- [Try it]: In the records, find every line with the word "after" and copy it out.

======== The data

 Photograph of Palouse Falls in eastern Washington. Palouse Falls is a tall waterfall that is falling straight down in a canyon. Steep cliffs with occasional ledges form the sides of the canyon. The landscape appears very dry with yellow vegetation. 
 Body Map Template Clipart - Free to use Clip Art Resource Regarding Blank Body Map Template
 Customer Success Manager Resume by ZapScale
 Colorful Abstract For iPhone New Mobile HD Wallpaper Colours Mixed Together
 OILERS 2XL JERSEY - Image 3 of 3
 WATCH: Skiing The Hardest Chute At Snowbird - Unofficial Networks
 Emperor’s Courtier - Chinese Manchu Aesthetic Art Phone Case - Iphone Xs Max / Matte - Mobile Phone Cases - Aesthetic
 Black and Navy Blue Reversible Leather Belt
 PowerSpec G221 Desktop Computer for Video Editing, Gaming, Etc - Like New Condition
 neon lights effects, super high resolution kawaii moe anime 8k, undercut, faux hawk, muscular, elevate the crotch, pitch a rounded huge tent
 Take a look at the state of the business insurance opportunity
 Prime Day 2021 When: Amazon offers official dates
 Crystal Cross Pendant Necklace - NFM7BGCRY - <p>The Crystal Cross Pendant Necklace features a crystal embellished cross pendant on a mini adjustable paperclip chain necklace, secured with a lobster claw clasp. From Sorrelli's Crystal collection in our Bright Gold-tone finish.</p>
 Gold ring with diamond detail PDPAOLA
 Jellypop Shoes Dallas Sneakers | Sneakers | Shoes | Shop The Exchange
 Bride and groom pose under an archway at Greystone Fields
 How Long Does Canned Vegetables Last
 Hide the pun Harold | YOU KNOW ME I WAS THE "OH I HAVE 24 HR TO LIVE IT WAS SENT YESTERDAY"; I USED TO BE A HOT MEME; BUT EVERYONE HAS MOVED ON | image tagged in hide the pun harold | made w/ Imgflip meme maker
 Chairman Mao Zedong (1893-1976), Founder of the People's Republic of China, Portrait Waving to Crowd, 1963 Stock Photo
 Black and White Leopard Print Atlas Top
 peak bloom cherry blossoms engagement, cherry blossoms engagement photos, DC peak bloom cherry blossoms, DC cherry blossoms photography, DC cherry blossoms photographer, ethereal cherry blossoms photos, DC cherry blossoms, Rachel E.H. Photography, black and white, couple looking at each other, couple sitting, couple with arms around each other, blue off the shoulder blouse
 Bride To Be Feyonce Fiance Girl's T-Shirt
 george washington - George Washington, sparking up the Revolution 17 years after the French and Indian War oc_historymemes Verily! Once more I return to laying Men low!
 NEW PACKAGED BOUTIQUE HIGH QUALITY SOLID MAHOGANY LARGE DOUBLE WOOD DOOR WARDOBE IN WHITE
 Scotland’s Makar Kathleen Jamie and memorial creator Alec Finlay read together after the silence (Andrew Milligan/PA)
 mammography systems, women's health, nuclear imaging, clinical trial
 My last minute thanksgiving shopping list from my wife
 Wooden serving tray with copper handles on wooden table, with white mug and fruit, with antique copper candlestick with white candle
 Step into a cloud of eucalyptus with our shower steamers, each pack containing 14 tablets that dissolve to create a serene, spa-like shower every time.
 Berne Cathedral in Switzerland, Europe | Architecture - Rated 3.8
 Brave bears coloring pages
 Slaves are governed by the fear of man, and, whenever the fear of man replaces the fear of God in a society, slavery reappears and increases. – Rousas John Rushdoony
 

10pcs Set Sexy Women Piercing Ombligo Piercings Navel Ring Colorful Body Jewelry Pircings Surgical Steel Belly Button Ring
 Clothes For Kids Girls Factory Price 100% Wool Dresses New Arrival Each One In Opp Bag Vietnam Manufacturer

================

- [Response]:
 george washington - George Washington, sparking up the Revolution 17 years after the French and Indian War oc_historymemes Verily! Once more I return to laying Men low!
 Scotland’s Makar Kathleen Jamie and memorial creator Alec Finlay read together after the silence (Andrew Milligan/PA)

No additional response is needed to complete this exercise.